▼
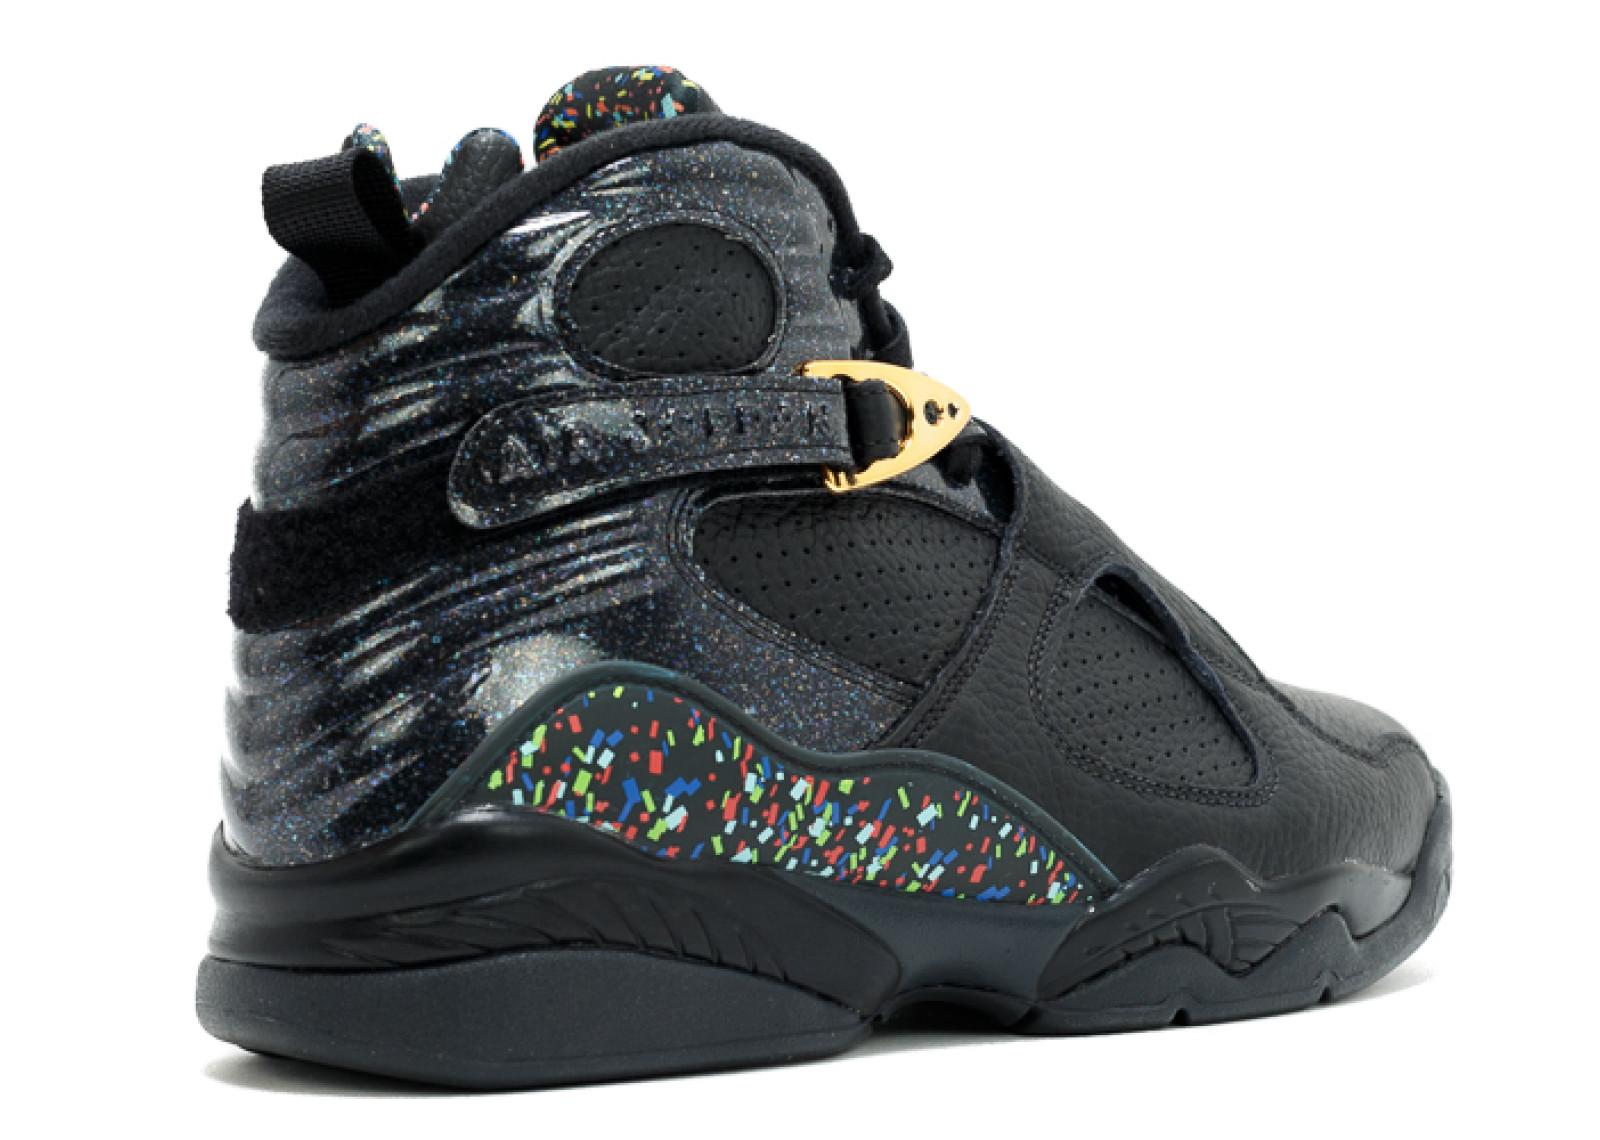 Air Jordan 8 Retro C&C 'Confetti' - 832821-004 - Size 13 - tha4R
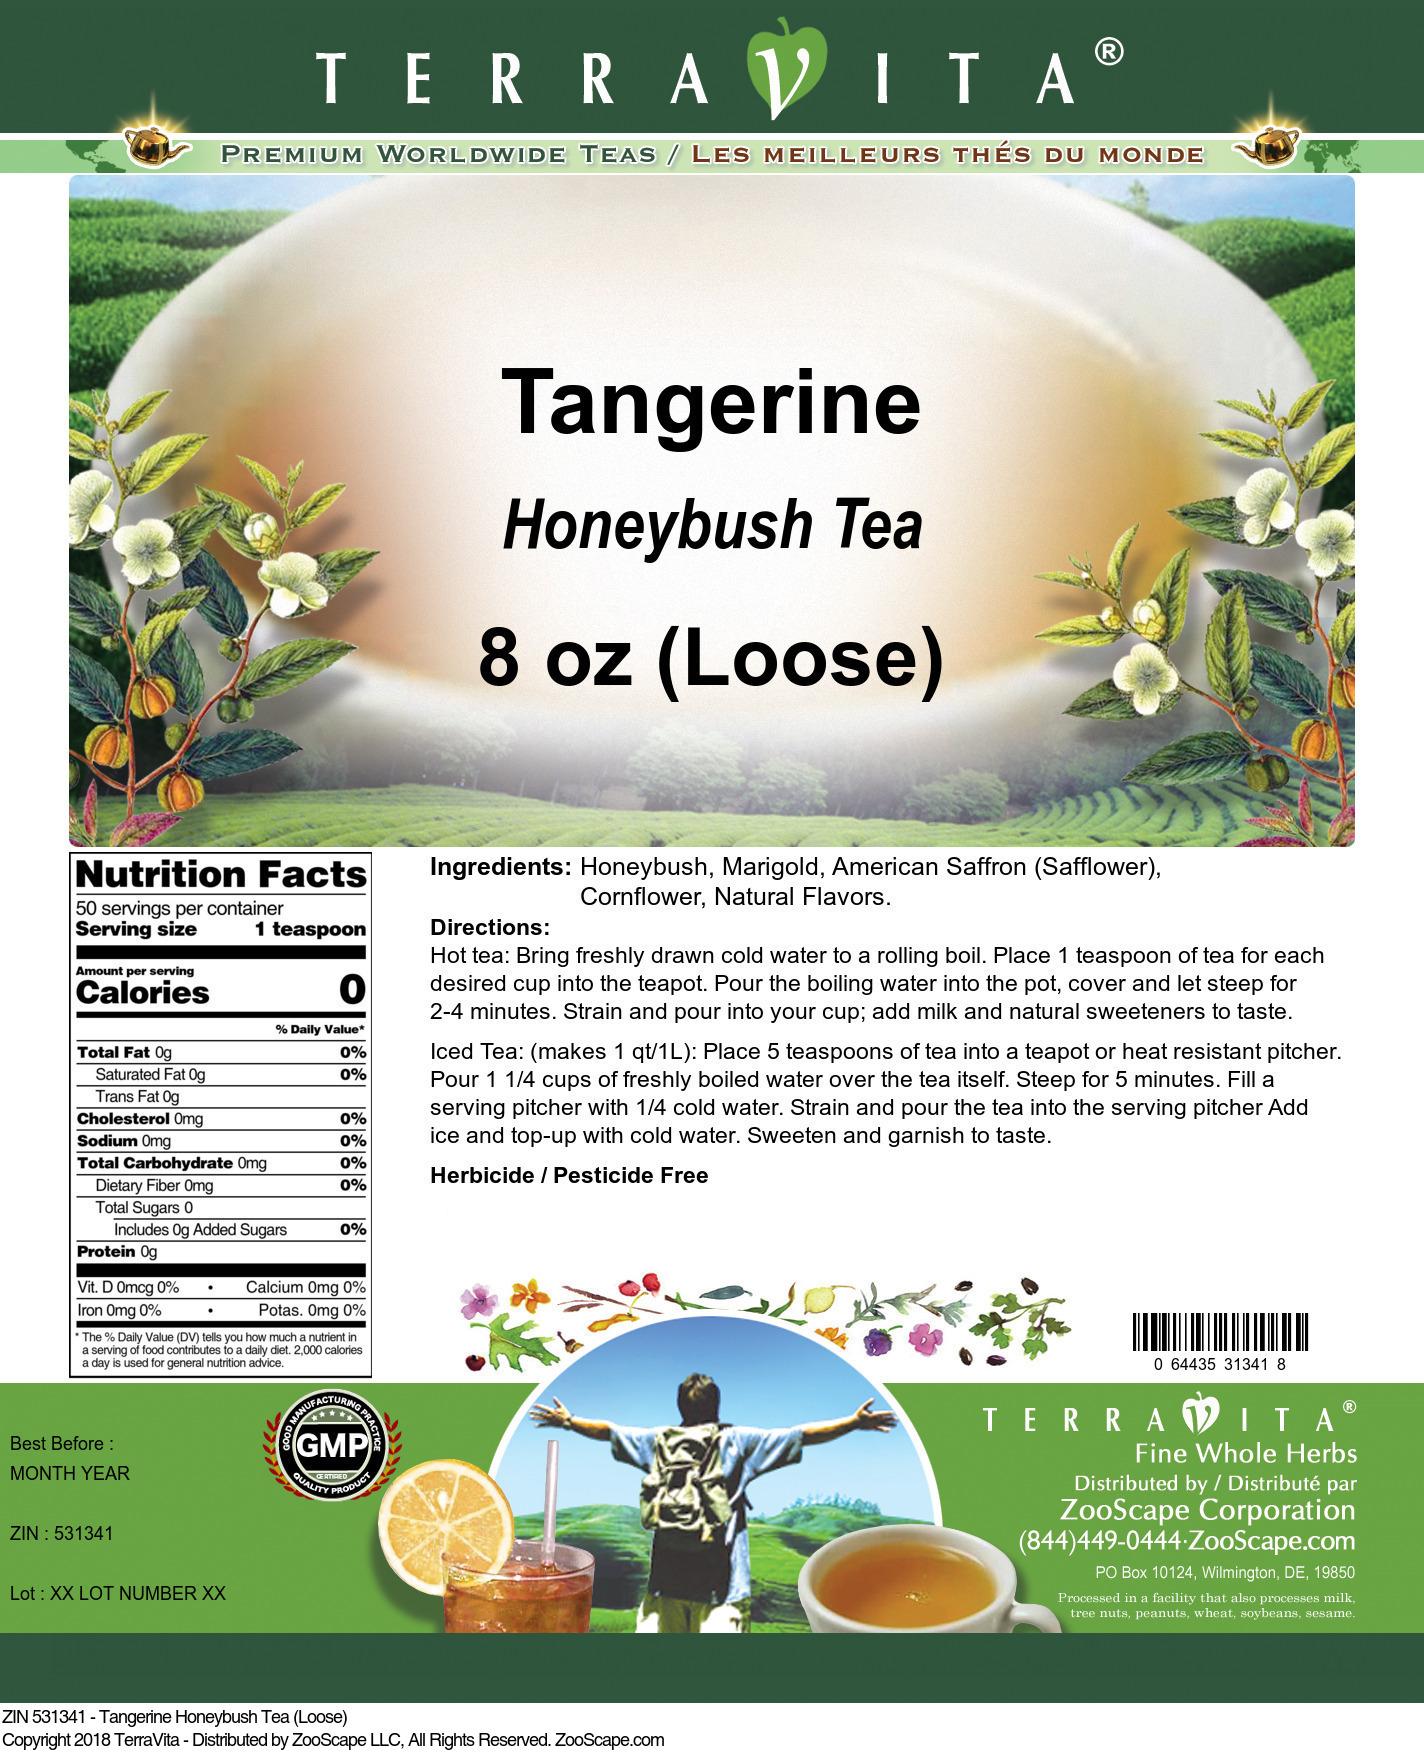 Tangerine Honeybush Tea (Loose)
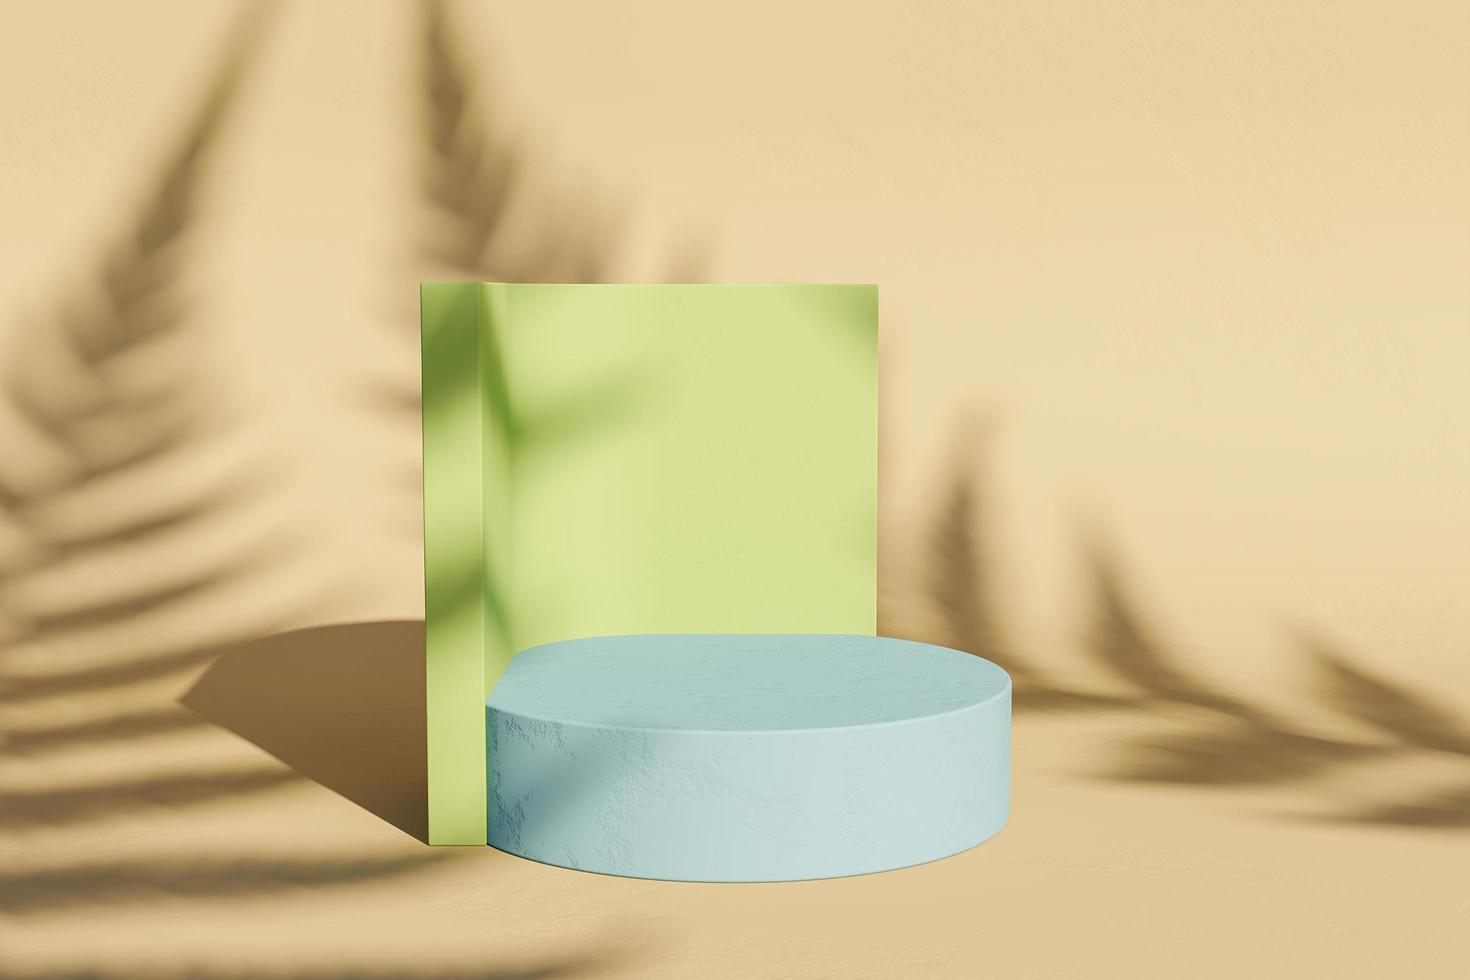 minimalistisk stativ för produktvisning med ormskugga foto
▲
• ASSIGNMENT
Give back the data exactly, with no images.

• ANSWER FOR THIS EXERCISE
 Air Jordan 8 Retro C&C 'Confetti' - 832821-004 - Size 13 - tha4R
 Tangerine Honeybush Tea (Loose)
 minimalistisk stativ för produktvisning med ormskugga foto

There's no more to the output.